Introduction: What is Direct Attached Storage?

Computers and servers come with internal storage devices accessible to only one machine and not any other. In personal computers, these could be Hard Disk Drives (HDDs) or Solid State Drives (SSDs). In Servers, such local drives for storage are known as Direct Attached Storage (DAS). 

DAS can also refer to systems including drives that are directly attached to a server. In this case DAS can actually use often routed protocols however it would not be using switches or routers in the path. For example, you can connect to devices and to directly attached systems through:

  • Serial Advanced Technology Attachment (SATA)
  • Fibre Channel (FC)
  • Small Computer System Interface (SCSI)
  • iSCSI 
  • Serial-Attached SCSI (SAS).

Again, DAS storage  non-networked. External drives and enclosures that can be connected through USB, SATA, or other interfaces can also be part of DAS. A key aspect of DAS is that all storage devices are controlled by a single machine to which it is attached. Any device that intends to access data from the DAS storage has to be authenticated and authorized by the machine attached to the DAS. 

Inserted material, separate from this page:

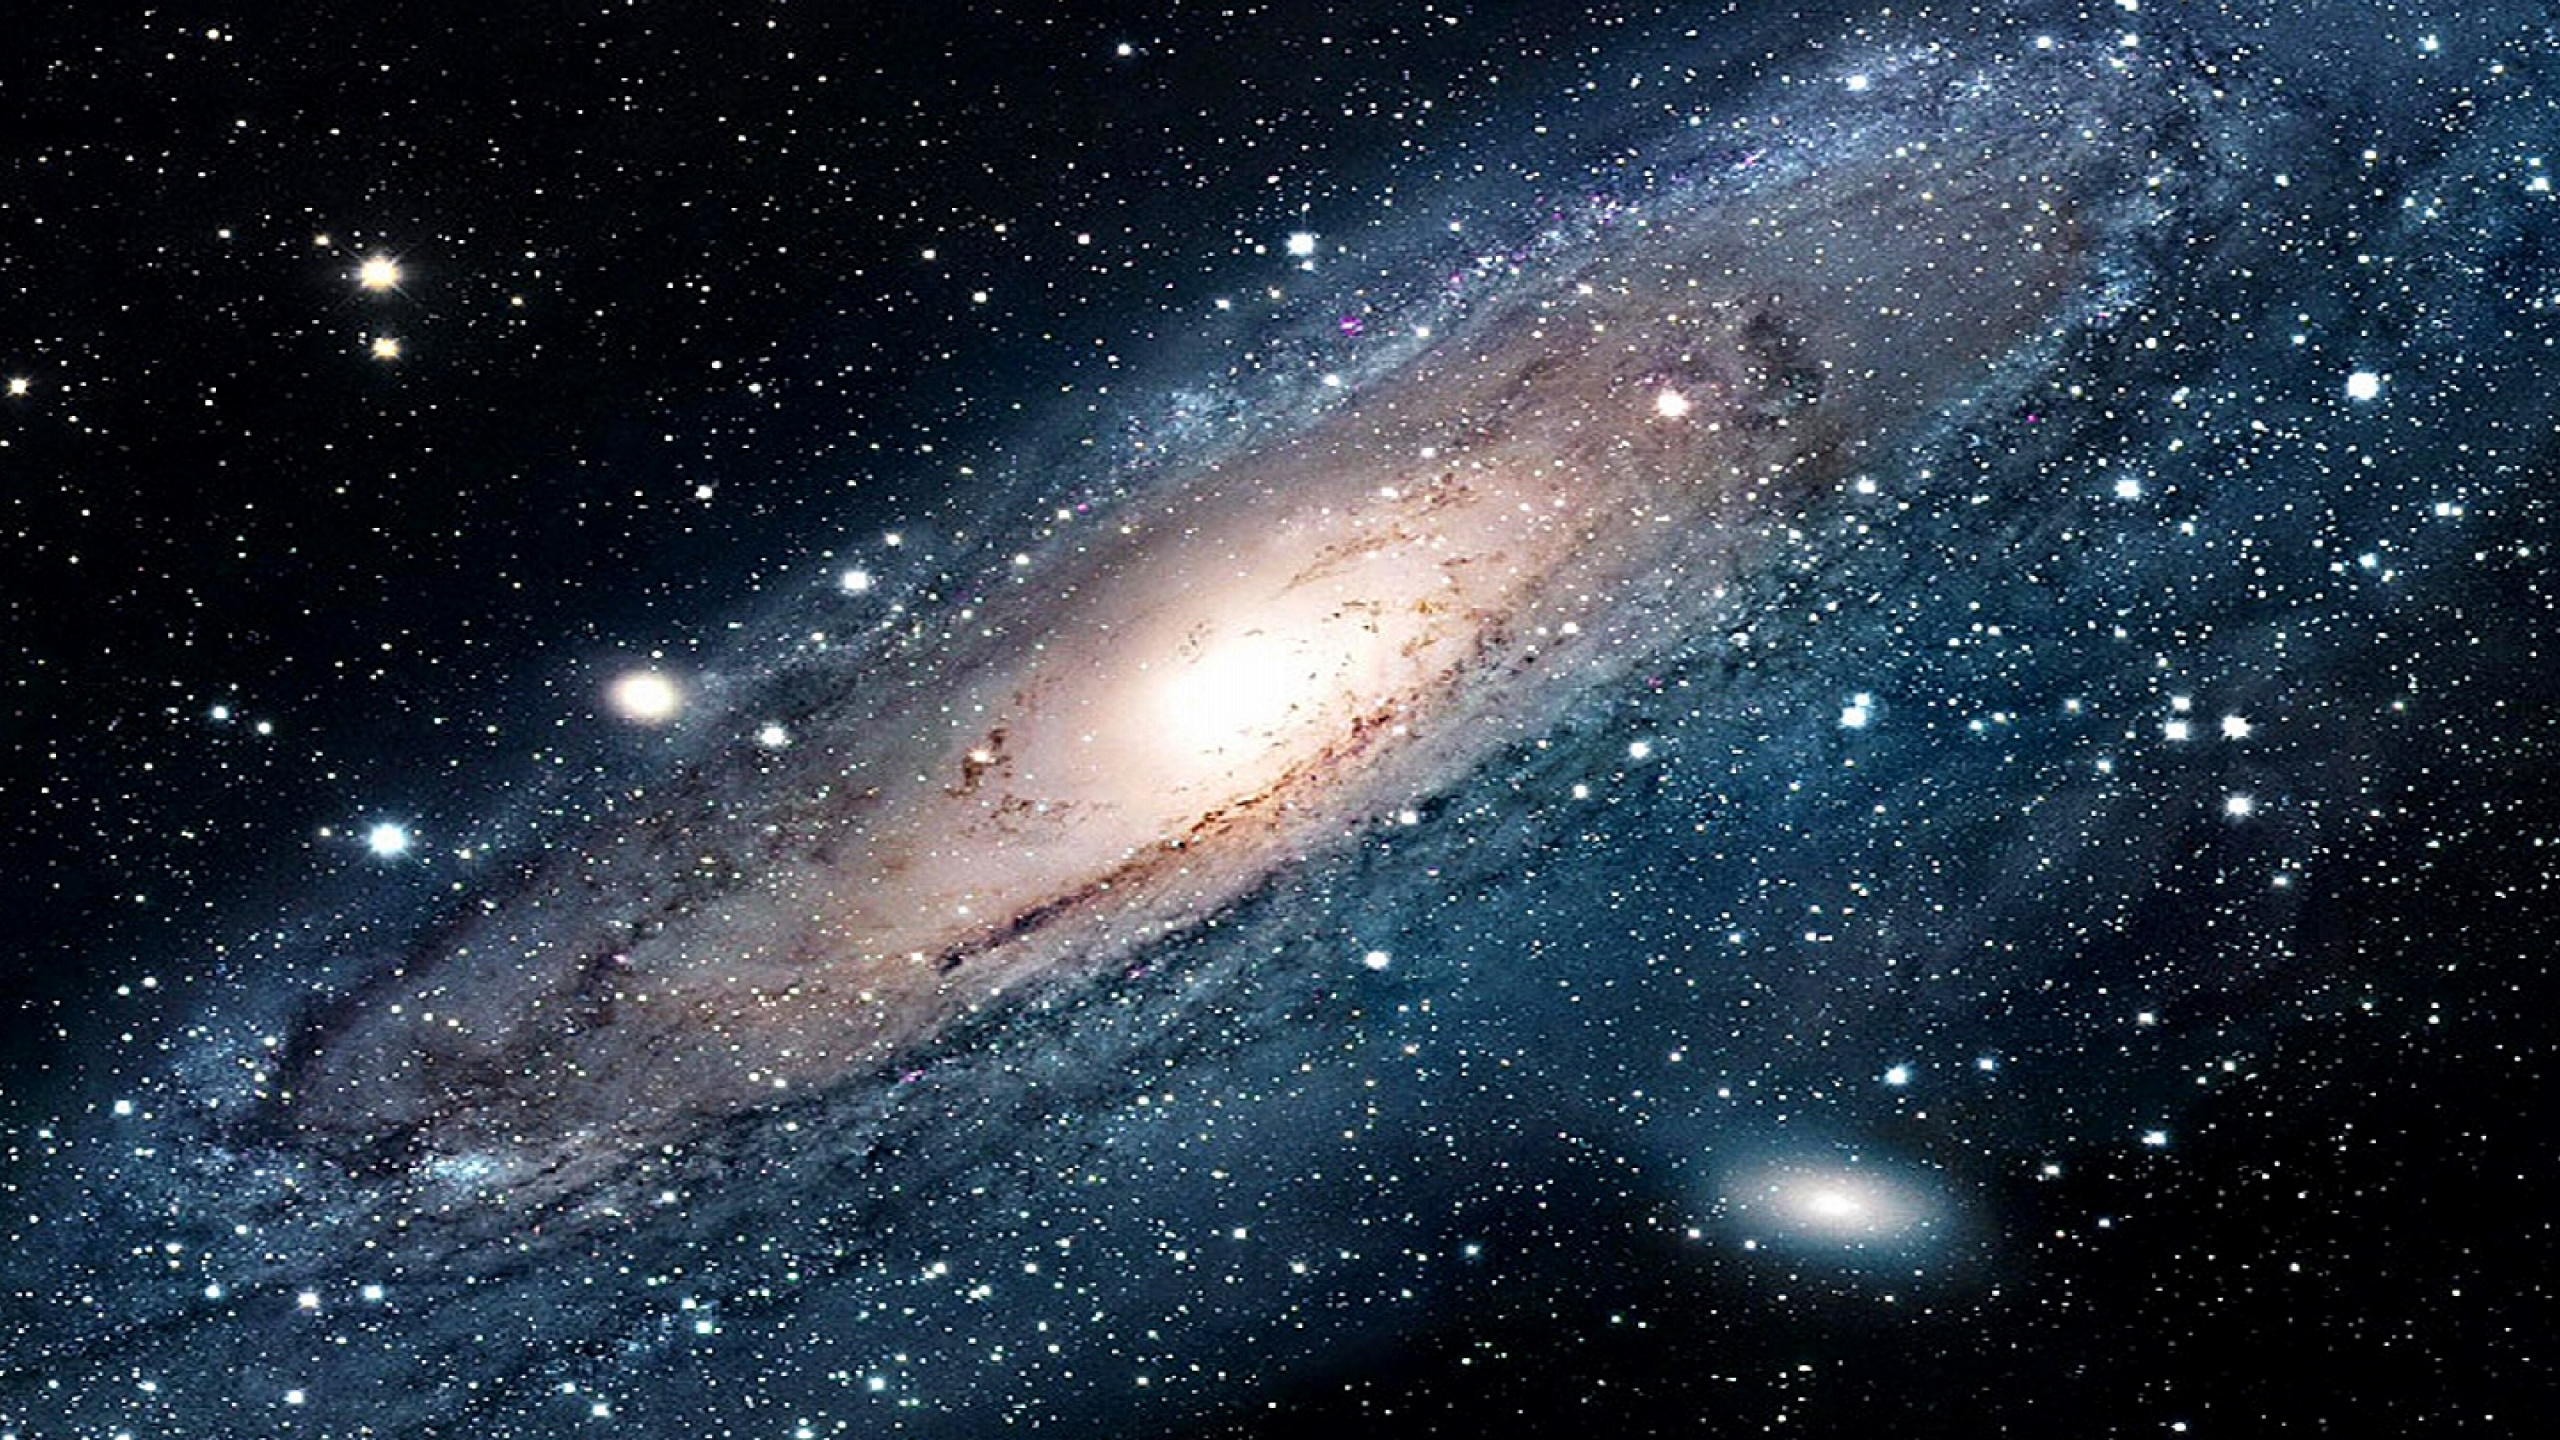 外层空间, 螺旋星系, 气氛, 宇宙, 天文学对象 壁纸 2560x1440 允许

Types of DAS Storage Devices:

There are various types of devices available to expose DAS storage to servers and workstations. These include:

Single Spinning Hard Drive:

A Hard Disk Drive (HDD) is an electro-magnetic data storage device that stores and retrieves information from spinning magnetic cylinders. Hard Disks are affordable, high-capacity storage devices that allow enterprises to keep large amounts of data for little money. These drives are, however, prone to mechanical damage and should only be used in areas with little movement. Since they are made of moving, rotating platters, HDDs are prone to wear, and typically last 5-10 years.

Solid State Drive (SSD):

These drives use persistent electronic memory to store data. Electronic memory is characterized by super fast read/write times and is only limited by the interfaces used by the DAS devices to access data. There are two types of SSD devices:  

  • PCIe SSDs that are rugged, quiet, portable, and have speeds of up to 400 MBps, making them particularly useful for high definition media transfers. These disks are, however, costly compared to HDDs, and typically have small capacities. 
  • NVMe SSDs are silent, powerful, and rugged SSDs capable of read/write speeds of up to 2500 MBps or even higher. These disks get expensive with larger capacities. 

HDDs and SSDs can be grouped together to form a Redundant Arrays of Inexpensive Disks (RAID). A RAID can be thought of as a single disk composed of many smaller disks. This type of storage virtualization improves capacity, performance and can also be used to provide data redundancy to recover from the loss of a single disk. 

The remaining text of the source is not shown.